- Many widely used VQA benchmarks barely need the image. In roughly a third of the (model × benchmark) pairs, the VLM performs as well or better when the image is replaced by a short caption.
- Visual dependence decreases as VLMs scale up, since a larger backbone answers more from pretraining priors. Raw benchmark accuracy therefore overstates how much VLMs actually see.
- Dependence on the image is a trait of the model family rather than its size. InternVL3.5 shows signs of recalling knowledge from its backbone LM pretraining, and in those cases the image becomes a liability to its reasoning, even hurting accuracy on MMMU.
1Introduction and Motivation
In 2025, AI agents such as Claude Code and Codex were heavily integrated into daily use as they became capable of processing long-context inputs across different modalities. What to feed into the context window has since become not only a question of token expense but also an active area of research. High-resolution images, in particular, take up a large share of the token budget to encode. If they can be replaced with text captions, the savings on context length would be substantial. But doing so requires a prior that image captions alone can match the downstream performance of using the image as input.
The architecture of widely used vision-language models (VLMs) suggests that this prior may hold.

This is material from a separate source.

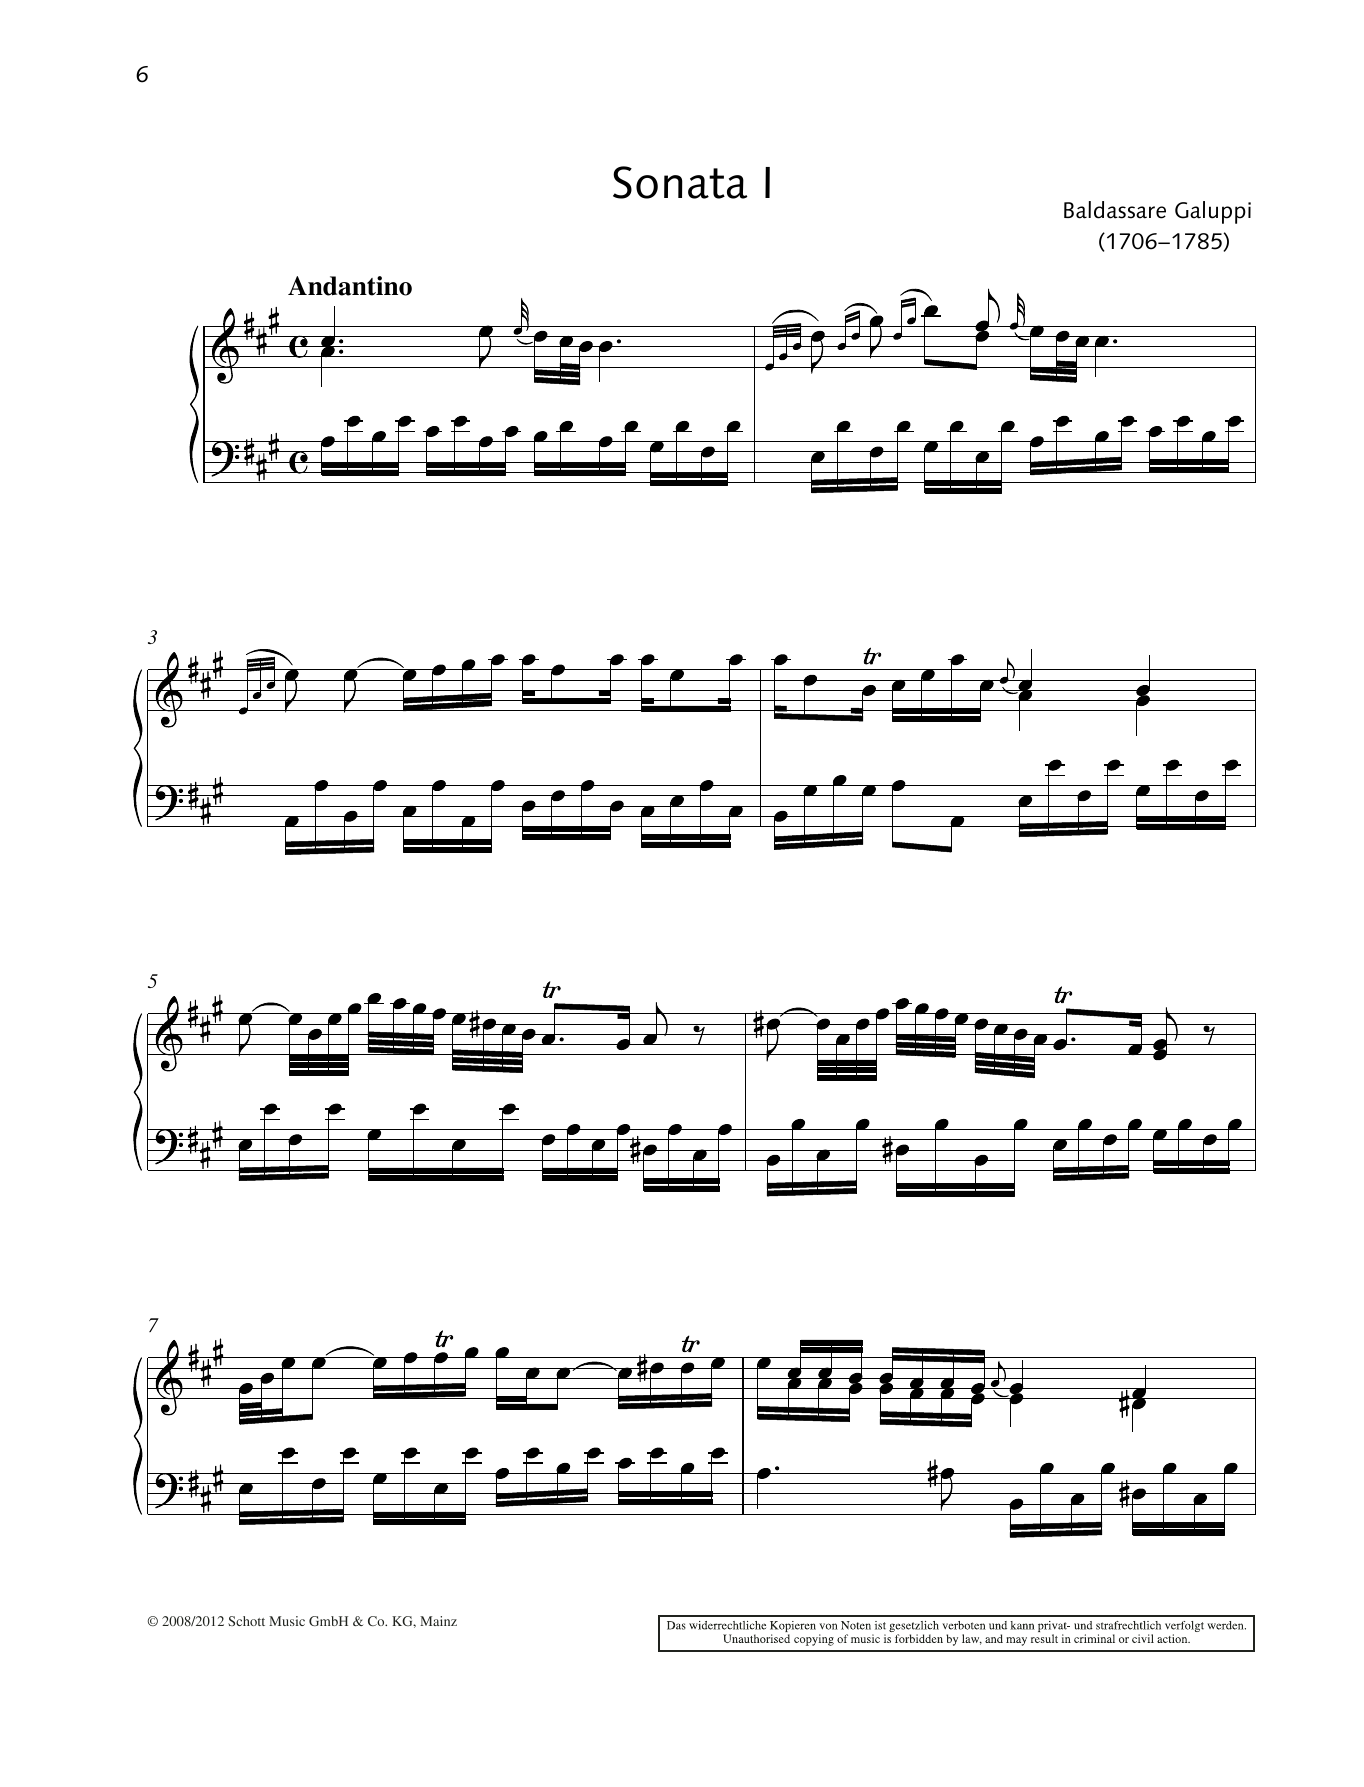 Baldassare Galuppi Sonata I A major sheet music notes and chords arranged for Piano Solo

Recent VLMs such as InternVL3 and Qwen3-VL pair a pre-trained text-only LLM backbone with a vision encoder, and a growing body of work has questioned how much of a VLM’s downstream capability is genuinely visual versus inherited from its backbone LM. Caption-then-answer pipelines such as PICa and Img2LLM showed early on that replacing the image with a generated caption and handing the result to a strong text LLM was already competitive on VQA. More recent benchmark audits have made the same point from the other direction: MMStar found that roughly half of the items in six widely used multimodal benchmarks can be answered without the image at all, and IsoBench showed that on isomorphic image/text pairs, VLMs systematically perform better when given the text version. MMMU-Pro was constructed specifically to filter out the text-solvable subset of MMMU. Closest to our setting, MIRAGE showed that frontier models will generate detailed image descriptions and reasoning traces even when no image is provided, achieving top rank on a chest X-ray QA benchmark without any visual input at all.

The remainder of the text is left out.